Car manufacturer Ford wants to give its vehicles the ability to repossess themselves if the owner stops repayments in what is an unexpected potential use-case for self-driving technology.
In a US patent published last week, Ford suggested cars could have a “repossession system computer” to go alongside the hardware that runs the car and its entertainment systems.
This dedicated repossession computer would talk to servers at car dealerships, banks, and rental agencies to co-ordinate possible action if payments haven’t been made.
A “multi-step repossession procedure” would be triggered after sufficient notices have been sent out and not responded to.
This would first involve disabling “a functionality of one or more components of the vehicle”.
The patent puts these functionalities into three categories: primary-use components (engine, brake, accelerator, steering wheel, doors, lights), first level-optional use (radio, GPS, music player), and second level optional-use (air conditioning, the key fob).
Gradually, the computer would work its way up this chain of components if the owner fails to make repayments – disabling the radio, then the air conditioning, before eventually shutting off the engine and entering a “lockout”.
An alternative scenario might see the radio emit “an incessant and unpleasant sound every time the owner is present in the vehicle” to nudge the person toward paying their bill.
If these annoying first measures don't get a person to make their repayments, then the car would enter a “lockout condition” which could be controlled to limit when and where the person could drive their car.
Perhaps the car would only be locked out during weekends, the patent suggests, because letting people still drive their car during the week “avoids adversely affecting a livelihood of the owner of the vehicle and hampering the owner’s ability to make payments towards the vehicle”.
Not to be too cruel a system designed to lock people out of their car during times of hardship, it could be designed to only work within a certain perimeter, or geofence, to still let them go to work, pick up their child from school, or buy groceries.
And in case of emergency, a person may be able to call the car company and have the lockout lifted to drive to the hospital.
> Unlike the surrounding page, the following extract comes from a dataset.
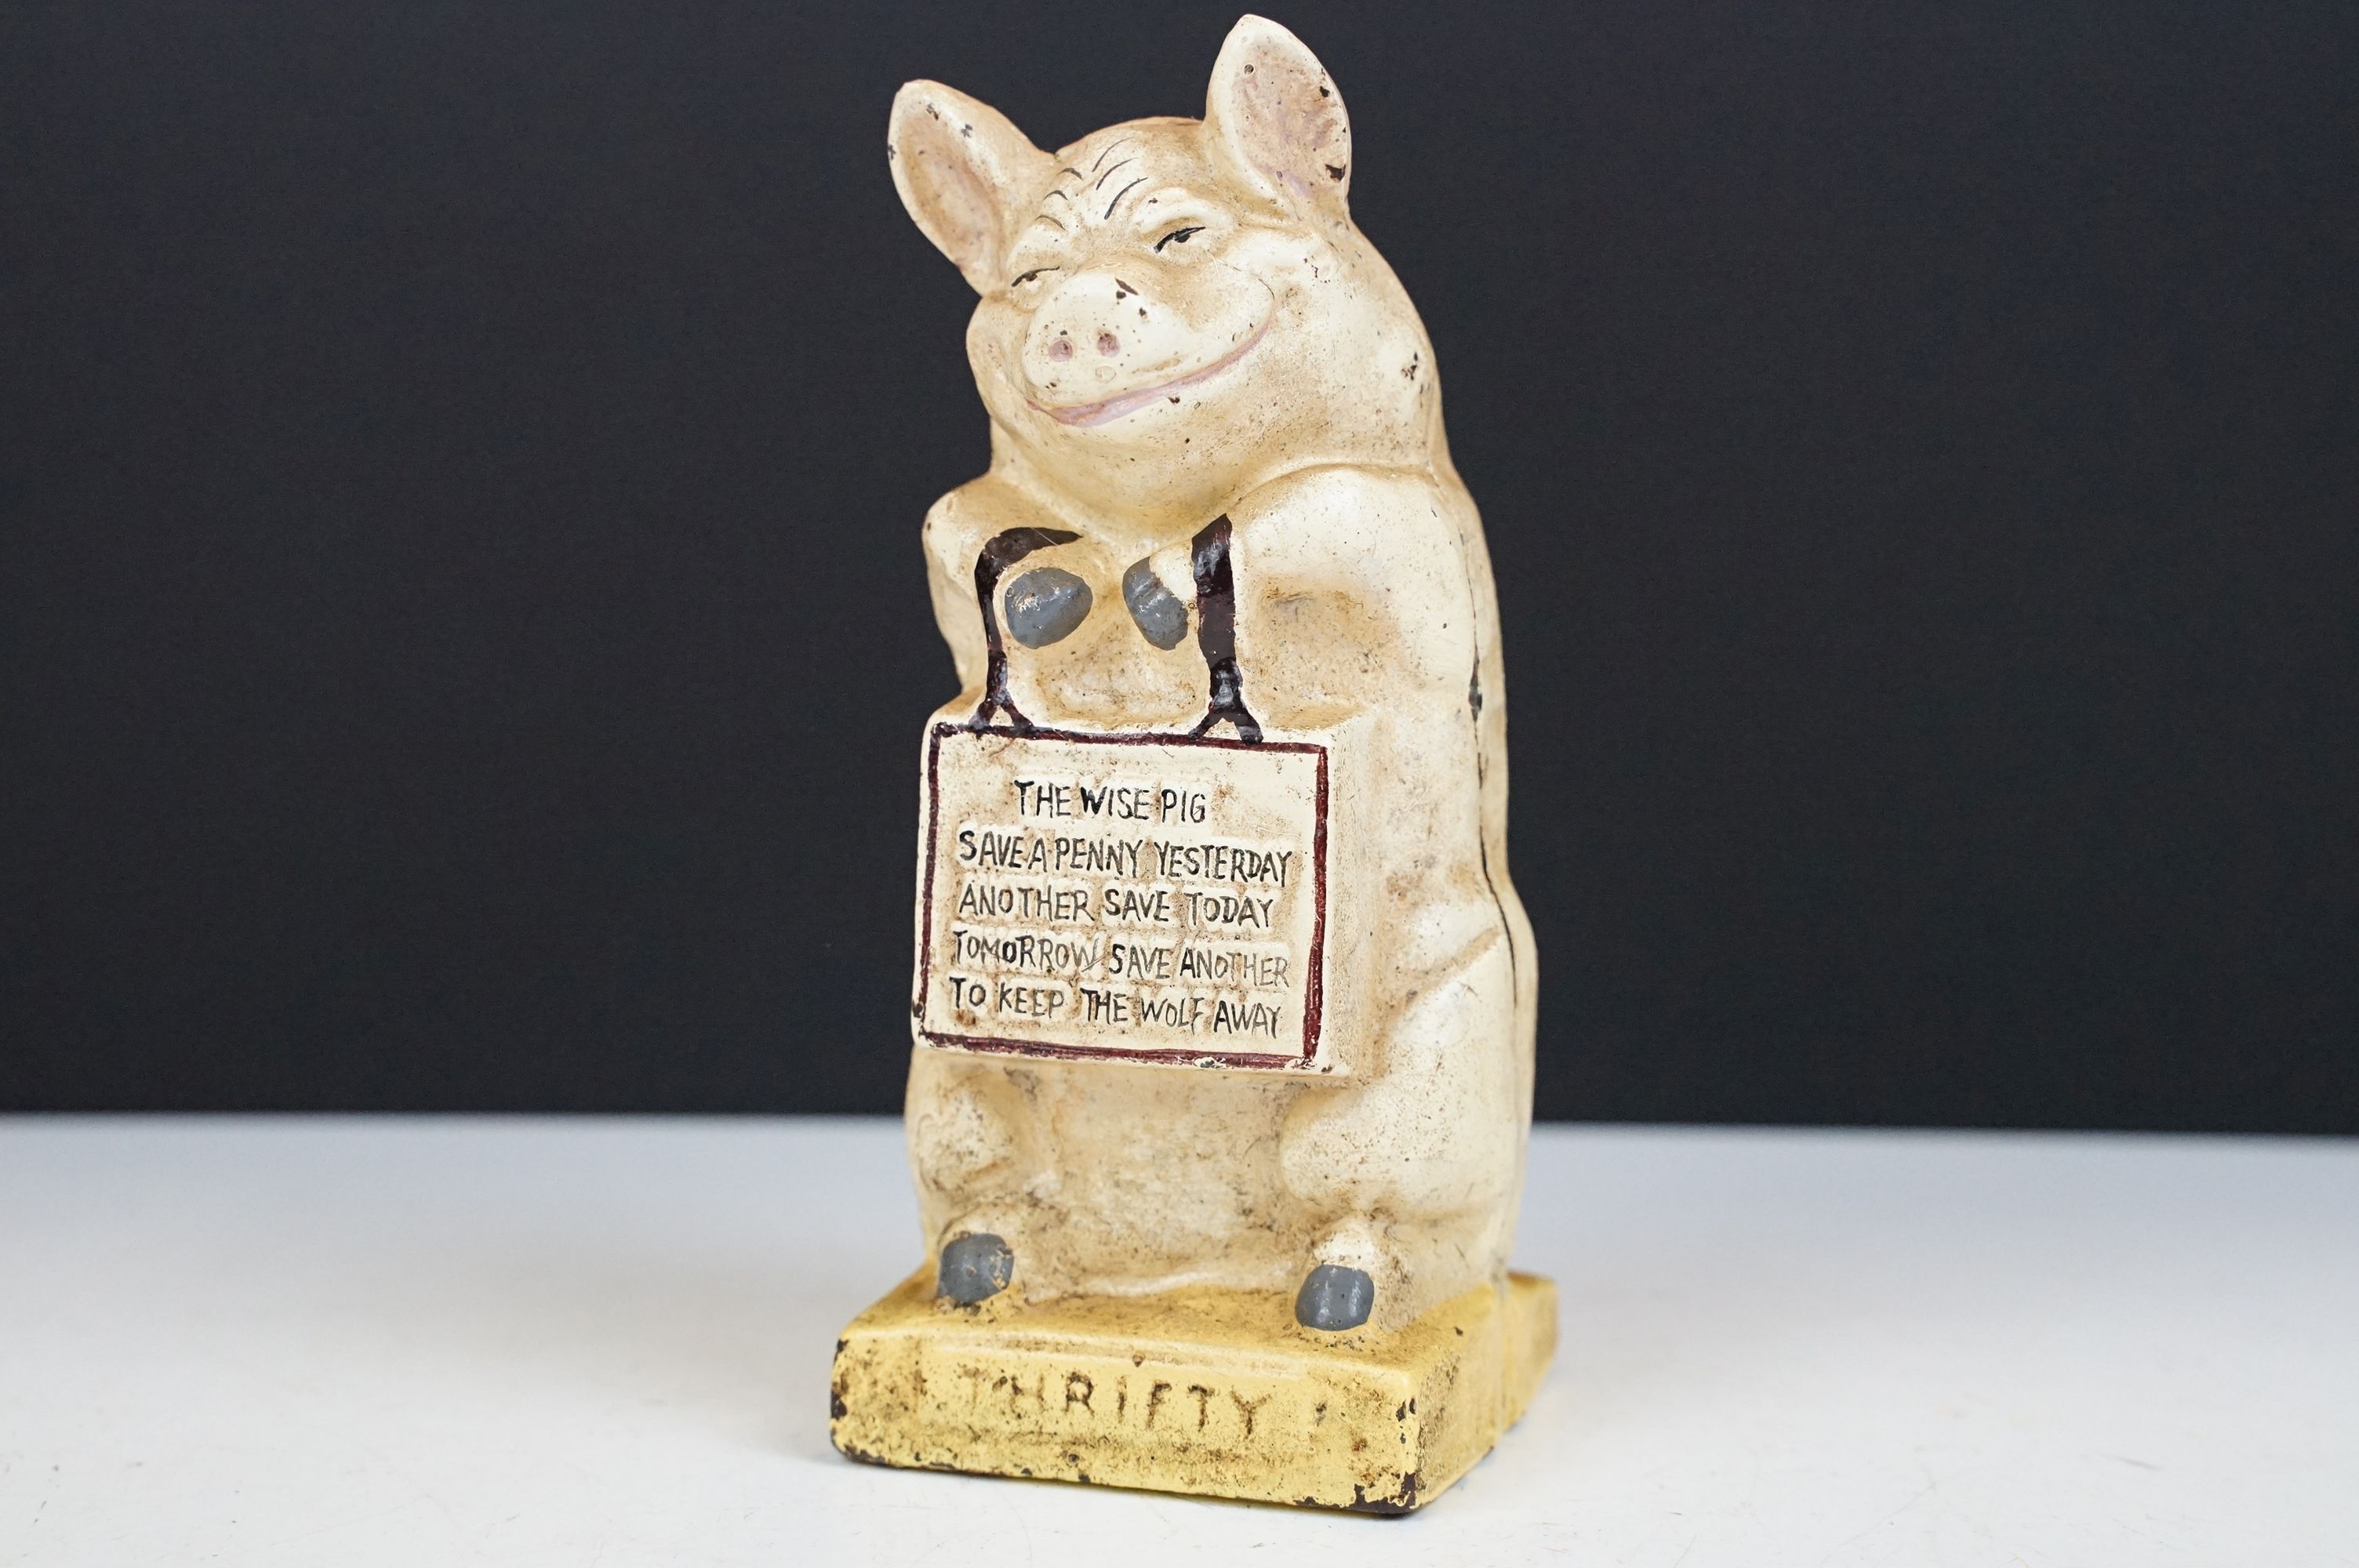 Vintage cast iron ' Thrifty ' money savings bank modelled as a pig, approx 16cm tall

Should these measures not be annoying enough to get people paying their bills, the car may even be impounded or repossessed – which some cars might be able to do on their own.
A semi-autonomous vehicle might be kind enough to move itself to a spot “that is more convenient for a tow truck to tow the vehicle”.
But with autonomous vehicles, the repossession could be entirely automated with a newly repossessed car driving itself to a repossession agency, the dealership, or anywhere else appropriate.
The patent theorises that the car’s onboard computer could check the market value of the car and cross-check it with the associated costs of repossession – like storing and re-sale – potentially deciding to drive itself to a junkyard.
Car manufacturers like Ford are looking for new ways to lock people out of different in-built features of their vehicles, instead putting them behind subscription paywalls.
Mercedes added a $1775 (US$1,200) yearly optional “acceleration increase” feature to its line of electric vehicles, while BMW put heated seats behind a monthly subscription fee.
This newfound obsession with microtransactions led to a strange incident in the US last month when Volkswagen refused to give police location data about a stolen car unless the owner paid a $220 (US$150) fee to reactivate tracking.
A two-year-old child was stuck inside with a thief at the time.
Volkswagen said in a statement it has a “procedure in place” with the third-party provider of its car tracking service but that in this case there was “a serious breach of the process”.